Cardinal Willem Eijk of Utrecht, Netherlands, said a papal encyclical or other magisterial document "might appear to be necessary" to counter the spread of the new theory that gender can be determined by personal choice rather than by biology.

He said even Catholic parents were beginning to accept that their own children can choose their genders partly because "they don't hear anything else."

The church, he said, now had an urgent duty to remind them of the truth of its teaching about the human body.

He told Catholic News Service in a Nov. 7 interview in Oxford that Pope Benedict XVI and Pope Francis have addressed the subject within the past five years as each noted that the theory was taking root in Western societies.

"Perhaps a document only on this problem might be an urgent question," Cardinal Eijk said.

"It (gender theory) is spreading and spreading everywhere in the Western world, and we have to warn people," he said.

"From the point of moral theology, it's clear — you are not allowed to change your sex in this way," he added.

"It is like euthanasia and assisted suicide," Cardinal Eijk continued. "When people first began to discuss them they were unsure," but many people have now become so acquainted with such practices they are now deemed ordinary.

He said many Catholics were now accepting gender theory "in a very easy way, even parents, because they don't hear anything else."

The cardinal's remarks came ahead of the Anscombe Memorial Lecture, which he was scheduled to give in Blackfriars, a Dominican monastery in Oxford, on the theme, "Is Medicine Losing its Way?"

A moral theologian and a former medical doctor who worked at the Amsterdam university hospital before he became a priest, Cardinal Eijk, 63, said he would be addressing the rise of nontherapeutic medical practices, including gender re-assignment and euthanasia and assisted suicide.

He explained that medical advances were driving a culture in which, he said, individualism thrived and gender theory was finding fertile ground.

But he warned CNS that one of the consequences of the changing mores was the emergence of intolerance toward people who did not accept the new ideas.

"We are living in a quite intolerant society," he said. "People are talking about tolerance and they say the individual is free to think what he likes but in practice ... people have to accept this certain view of man, this dualistic view of man and this view of the body as something that is moldable.

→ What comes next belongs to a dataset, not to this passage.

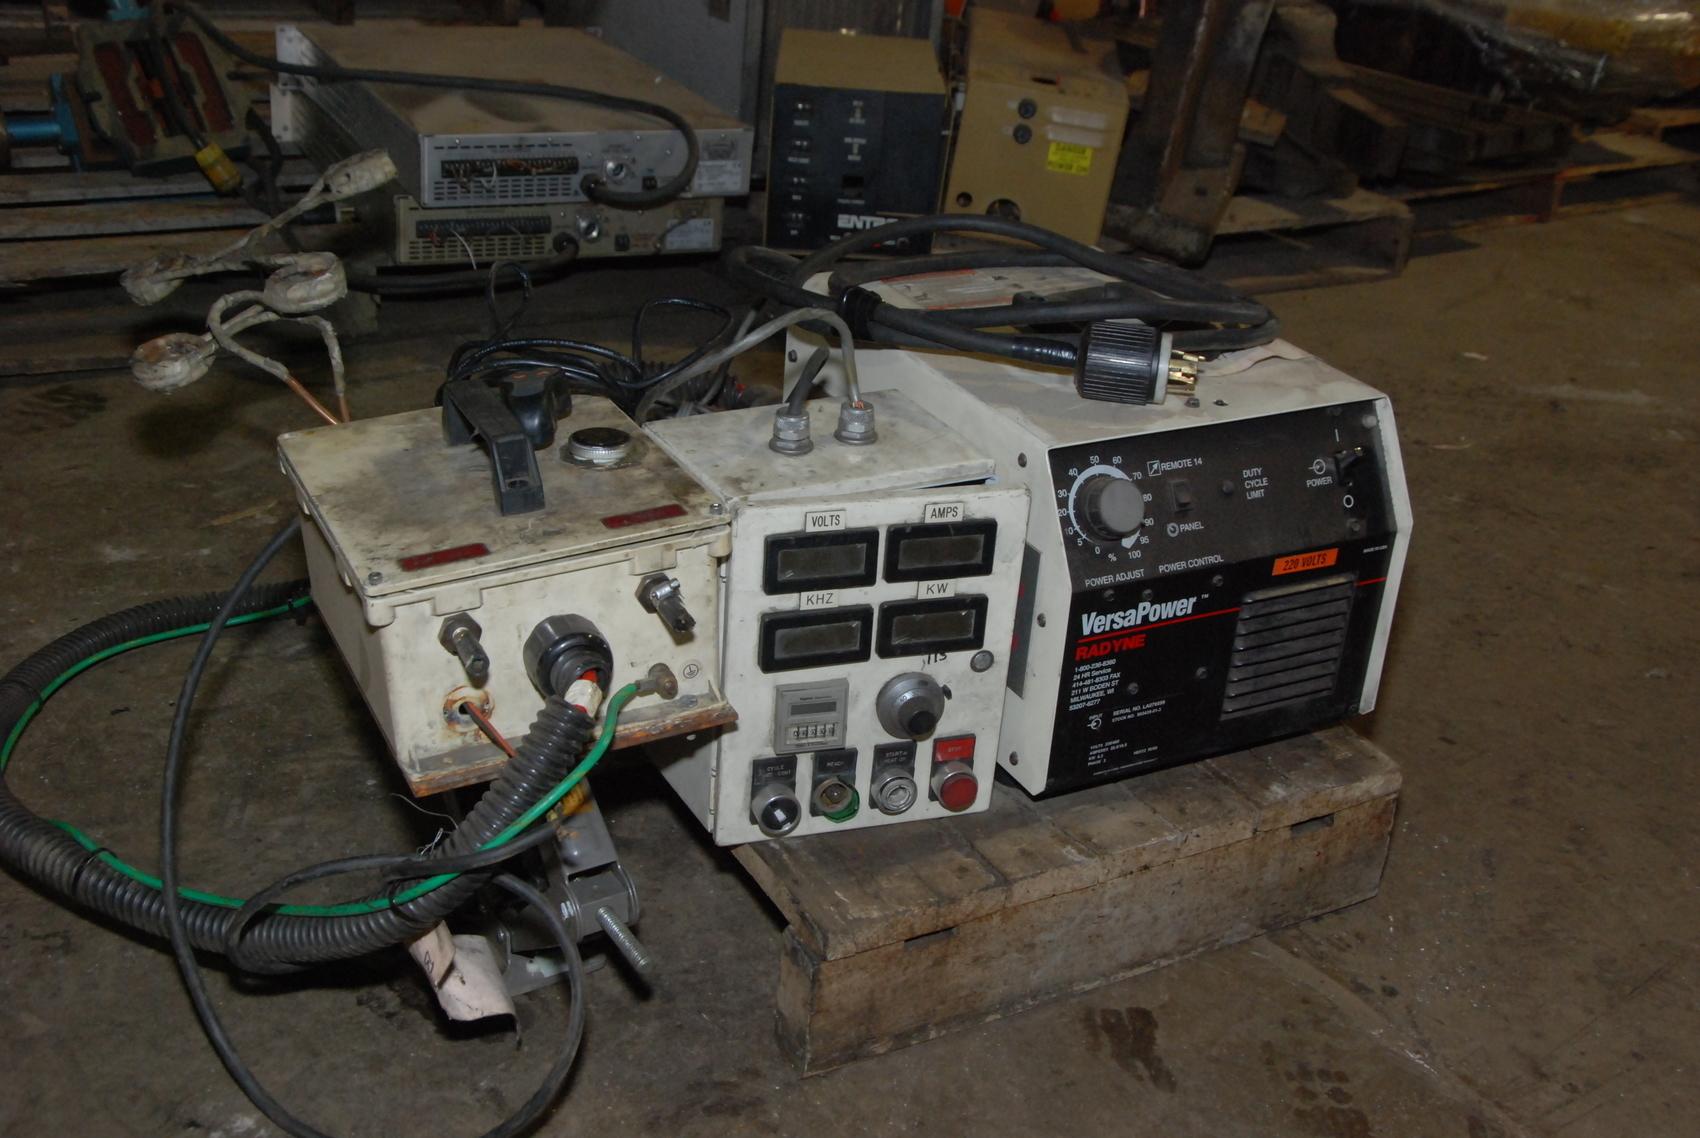 Radyne Model Versa Power 6.3 kW Induction Heater,3 PHASE,230/460V

"And when you say perhaps that is not a morally good way, you are excluded," he said. "You have to think according to these modern theories or you are excluded — it's (permeating) the university world, parliament, the mass media.

"It is very painful and they will make it for us Christians ever more difficult, I am sure," he said, adding that Catholics must press for the right to live by their consciences if they were not to face harassment or even jail in the future.

Young people, he continued, were a source of hope because he recognized that the minority of those who became active in the church "accepted the whole faith."

"It will be the force of the future," he said. "I think we will be a tiny church, a small fraction of the population at least in the Netherlands, but the Christians who remain will have a life of prayer, a personal relationship with Christ, and they will be clear about the faith and willing to testify to it.

"It will be a tiny church, but a convinced church, and it will be willing to suffer," he added.

Because gender theory is so new, the church seldom denounced it by name until the last five years.

In 2012, Pope Benedict, in an address to the Roman Curia, referred to gender theory when he spoke about the profound falsehoods underpinning an anthropological revolution.

Pope Francis implicitly criticized gender theory in "Laudato Si'," his 2015 papal encyclical on the environment, and condemned "indoctrination of gender theory" as part of a "global war on the family" during a visit to Georgia and Azerbaijan.